Task item — Return each line of the records holding the string "Gifts".

Entries shown —
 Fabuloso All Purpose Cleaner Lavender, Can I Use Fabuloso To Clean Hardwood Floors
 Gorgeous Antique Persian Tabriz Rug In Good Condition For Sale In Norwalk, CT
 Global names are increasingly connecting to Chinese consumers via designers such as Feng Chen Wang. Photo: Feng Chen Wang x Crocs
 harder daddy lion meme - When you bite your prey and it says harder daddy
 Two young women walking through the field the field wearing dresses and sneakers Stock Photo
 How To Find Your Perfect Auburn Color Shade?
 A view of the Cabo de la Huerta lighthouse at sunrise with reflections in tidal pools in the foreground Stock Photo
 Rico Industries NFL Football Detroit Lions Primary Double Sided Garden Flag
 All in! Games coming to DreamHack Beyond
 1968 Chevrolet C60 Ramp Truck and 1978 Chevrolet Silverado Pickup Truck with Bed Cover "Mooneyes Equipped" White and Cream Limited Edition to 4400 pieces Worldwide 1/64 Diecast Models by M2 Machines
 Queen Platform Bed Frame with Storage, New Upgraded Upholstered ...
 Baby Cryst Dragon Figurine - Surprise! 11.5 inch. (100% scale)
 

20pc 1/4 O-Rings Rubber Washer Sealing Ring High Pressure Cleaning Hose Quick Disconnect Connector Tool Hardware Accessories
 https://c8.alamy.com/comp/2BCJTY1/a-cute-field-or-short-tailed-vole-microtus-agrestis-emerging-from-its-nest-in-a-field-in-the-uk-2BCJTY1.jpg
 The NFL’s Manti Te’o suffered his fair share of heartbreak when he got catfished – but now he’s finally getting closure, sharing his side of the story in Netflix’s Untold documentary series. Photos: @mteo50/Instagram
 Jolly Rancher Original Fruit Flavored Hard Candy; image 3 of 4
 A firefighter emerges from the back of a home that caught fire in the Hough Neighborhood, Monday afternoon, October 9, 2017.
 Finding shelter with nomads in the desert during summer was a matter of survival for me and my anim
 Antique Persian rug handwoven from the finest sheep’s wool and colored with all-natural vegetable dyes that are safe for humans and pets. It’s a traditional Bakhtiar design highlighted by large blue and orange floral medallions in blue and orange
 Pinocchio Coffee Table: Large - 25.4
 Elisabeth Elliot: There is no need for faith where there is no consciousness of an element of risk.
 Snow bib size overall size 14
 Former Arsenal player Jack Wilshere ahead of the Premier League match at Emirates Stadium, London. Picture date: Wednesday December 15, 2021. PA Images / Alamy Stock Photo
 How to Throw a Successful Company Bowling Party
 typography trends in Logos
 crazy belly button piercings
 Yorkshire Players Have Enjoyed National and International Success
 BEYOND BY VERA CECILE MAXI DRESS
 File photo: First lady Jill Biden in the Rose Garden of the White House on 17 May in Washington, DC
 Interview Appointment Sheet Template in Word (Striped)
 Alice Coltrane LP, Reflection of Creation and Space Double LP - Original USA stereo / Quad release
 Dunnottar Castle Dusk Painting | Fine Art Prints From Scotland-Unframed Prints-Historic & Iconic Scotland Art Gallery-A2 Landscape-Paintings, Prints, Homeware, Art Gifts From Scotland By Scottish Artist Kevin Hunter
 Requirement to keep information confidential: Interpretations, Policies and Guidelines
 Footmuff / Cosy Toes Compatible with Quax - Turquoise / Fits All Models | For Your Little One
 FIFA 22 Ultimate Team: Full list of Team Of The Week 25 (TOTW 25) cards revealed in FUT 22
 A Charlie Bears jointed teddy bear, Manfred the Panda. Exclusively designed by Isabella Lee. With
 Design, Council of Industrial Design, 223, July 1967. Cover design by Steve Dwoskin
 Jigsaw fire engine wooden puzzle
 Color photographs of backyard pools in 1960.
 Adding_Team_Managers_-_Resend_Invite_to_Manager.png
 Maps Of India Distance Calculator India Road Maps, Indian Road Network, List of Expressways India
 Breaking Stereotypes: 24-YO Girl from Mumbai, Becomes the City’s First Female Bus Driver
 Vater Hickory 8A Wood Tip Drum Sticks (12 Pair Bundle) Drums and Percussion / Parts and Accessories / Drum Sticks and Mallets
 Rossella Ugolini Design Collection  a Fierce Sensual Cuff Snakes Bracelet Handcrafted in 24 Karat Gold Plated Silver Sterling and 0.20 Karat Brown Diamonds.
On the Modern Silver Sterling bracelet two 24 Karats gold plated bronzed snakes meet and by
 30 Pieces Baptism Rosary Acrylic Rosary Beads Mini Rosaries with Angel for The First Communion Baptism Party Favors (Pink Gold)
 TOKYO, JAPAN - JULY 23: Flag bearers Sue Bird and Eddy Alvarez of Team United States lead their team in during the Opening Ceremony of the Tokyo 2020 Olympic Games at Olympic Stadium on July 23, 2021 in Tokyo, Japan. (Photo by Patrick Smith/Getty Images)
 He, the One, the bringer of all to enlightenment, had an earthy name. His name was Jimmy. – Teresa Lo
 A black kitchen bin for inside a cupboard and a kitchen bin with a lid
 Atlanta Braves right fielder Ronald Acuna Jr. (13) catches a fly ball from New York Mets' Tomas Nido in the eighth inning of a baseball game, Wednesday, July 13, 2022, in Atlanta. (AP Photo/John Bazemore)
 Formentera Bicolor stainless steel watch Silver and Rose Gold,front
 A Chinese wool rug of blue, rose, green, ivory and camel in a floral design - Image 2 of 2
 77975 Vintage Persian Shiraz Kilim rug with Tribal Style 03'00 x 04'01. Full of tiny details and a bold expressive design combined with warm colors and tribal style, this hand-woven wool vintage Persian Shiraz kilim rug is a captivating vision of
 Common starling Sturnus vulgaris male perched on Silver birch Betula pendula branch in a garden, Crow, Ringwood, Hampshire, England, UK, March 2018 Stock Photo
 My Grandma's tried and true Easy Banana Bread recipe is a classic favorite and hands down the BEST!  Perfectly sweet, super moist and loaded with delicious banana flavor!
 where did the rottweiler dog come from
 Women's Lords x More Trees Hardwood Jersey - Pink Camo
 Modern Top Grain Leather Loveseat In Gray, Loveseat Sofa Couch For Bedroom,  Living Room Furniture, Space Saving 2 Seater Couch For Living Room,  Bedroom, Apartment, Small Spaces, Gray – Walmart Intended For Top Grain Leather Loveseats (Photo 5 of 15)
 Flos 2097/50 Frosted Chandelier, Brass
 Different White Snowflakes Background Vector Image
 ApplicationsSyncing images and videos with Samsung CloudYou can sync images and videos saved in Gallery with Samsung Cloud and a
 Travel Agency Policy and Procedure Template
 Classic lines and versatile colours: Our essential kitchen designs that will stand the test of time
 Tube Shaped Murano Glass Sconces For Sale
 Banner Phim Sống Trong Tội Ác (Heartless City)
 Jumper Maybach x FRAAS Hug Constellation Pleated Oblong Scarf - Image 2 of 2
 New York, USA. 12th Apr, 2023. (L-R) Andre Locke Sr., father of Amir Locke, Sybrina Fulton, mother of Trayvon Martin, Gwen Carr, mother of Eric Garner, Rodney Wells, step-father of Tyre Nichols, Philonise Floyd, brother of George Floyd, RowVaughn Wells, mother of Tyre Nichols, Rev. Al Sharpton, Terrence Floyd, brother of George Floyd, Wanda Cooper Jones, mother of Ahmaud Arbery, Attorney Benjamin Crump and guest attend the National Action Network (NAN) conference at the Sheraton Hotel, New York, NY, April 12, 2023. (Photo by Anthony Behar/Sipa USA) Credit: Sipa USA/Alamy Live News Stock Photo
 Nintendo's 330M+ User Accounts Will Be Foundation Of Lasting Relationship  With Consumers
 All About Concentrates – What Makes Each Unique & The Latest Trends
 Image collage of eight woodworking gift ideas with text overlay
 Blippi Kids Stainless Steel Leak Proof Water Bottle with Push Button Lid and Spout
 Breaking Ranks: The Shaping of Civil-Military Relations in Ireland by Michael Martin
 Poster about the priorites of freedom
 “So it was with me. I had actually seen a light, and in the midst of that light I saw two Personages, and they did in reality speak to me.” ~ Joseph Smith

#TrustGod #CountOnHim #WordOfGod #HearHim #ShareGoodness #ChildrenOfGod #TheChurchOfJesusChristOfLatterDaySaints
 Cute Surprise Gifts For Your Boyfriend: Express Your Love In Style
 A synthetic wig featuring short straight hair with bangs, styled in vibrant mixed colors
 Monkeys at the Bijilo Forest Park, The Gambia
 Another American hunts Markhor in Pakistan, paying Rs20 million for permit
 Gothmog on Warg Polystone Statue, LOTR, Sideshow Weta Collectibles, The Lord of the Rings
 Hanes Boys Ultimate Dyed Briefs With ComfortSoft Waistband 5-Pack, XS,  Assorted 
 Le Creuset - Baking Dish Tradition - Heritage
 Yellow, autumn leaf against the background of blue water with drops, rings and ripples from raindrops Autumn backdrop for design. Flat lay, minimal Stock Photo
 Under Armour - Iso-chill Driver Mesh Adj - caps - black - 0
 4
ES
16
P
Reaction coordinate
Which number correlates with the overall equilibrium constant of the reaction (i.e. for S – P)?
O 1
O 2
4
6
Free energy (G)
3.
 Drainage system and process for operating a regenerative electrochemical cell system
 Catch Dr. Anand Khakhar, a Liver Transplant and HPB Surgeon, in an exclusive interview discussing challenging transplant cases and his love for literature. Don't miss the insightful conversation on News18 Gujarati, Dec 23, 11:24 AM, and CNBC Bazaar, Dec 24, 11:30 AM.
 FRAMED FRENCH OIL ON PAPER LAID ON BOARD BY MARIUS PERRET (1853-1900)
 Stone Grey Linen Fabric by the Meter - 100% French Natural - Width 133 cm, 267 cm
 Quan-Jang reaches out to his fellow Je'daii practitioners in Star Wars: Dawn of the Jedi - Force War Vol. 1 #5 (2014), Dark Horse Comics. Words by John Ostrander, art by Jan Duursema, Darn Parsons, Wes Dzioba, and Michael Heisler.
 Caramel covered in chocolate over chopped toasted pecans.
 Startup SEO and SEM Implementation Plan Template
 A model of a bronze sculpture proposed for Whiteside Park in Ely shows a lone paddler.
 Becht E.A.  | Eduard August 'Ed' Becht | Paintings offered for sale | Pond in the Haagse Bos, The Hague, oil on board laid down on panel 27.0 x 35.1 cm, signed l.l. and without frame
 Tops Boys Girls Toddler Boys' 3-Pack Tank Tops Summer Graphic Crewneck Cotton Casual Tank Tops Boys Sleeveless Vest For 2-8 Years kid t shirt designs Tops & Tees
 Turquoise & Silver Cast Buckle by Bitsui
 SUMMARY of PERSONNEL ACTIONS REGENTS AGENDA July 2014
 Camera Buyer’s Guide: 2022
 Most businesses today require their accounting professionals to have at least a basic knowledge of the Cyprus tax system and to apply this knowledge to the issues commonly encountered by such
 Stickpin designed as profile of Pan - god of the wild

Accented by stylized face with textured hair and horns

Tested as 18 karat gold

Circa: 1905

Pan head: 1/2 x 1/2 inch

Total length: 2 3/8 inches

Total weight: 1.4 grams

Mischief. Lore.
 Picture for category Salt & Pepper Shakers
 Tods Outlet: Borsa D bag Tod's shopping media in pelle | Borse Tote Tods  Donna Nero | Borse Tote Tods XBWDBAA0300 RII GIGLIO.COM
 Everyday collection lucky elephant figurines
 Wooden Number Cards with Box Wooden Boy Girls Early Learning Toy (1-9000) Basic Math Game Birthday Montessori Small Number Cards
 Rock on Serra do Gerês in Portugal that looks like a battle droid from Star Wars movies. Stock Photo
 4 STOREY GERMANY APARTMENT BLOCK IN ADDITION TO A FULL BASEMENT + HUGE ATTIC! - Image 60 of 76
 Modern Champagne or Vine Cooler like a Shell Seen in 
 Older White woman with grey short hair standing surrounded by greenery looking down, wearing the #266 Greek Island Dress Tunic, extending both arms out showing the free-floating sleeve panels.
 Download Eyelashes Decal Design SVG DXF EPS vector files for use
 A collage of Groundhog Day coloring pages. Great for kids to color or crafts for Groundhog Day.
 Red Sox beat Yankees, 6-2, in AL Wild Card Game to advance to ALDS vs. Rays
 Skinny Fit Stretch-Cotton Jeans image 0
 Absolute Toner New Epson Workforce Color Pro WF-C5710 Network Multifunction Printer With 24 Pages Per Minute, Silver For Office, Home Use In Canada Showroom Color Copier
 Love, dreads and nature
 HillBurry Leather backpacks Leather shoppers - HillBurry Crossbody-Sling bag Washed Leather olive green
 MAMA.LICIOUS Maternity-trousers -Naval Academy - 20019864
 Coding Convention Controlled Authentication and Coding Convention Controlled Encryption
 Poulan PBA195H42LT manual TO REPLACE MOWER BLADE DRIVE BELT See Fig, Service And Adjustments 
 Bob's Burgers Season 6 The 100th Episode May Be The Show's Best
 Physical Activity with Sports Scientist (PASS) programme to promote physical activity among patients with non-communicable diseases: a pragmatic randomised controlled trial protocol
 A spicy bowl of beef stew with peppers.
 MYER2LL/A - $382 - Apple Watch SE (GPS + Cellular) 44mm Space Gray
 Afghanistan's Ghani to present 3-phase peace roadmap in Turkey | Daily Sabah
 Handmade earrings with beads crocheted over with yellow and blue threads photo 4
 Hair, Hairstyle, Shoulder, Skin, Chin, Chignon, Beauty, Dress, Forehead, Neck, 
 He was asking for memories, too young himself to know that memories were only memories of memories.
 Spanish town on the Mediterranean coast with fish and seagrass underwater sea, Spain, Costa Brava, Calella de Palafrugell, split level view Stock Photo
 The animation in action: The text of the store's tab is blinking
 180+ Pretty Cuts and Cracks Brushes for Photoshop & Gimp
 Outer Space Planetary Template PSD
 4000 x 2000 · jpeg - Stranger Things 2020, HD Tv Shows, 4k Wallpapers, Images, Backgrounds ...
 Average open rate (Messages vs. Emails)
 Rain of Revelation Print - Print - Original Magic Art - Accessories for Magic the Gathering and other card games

Result below —
 Dunnottar Castle Dusk Painting | Fine Art Prints From Scotland-Unframed Prints-Historic & Iconic Scotland Art Gallery-A2 Landscape-Paintings, Prints, Homeware, Art Gifts From Scotland By Scottish Artist Kevin Hunter
 Cute Surprise Gifts For Your Boyfriend: Express Your Love In Style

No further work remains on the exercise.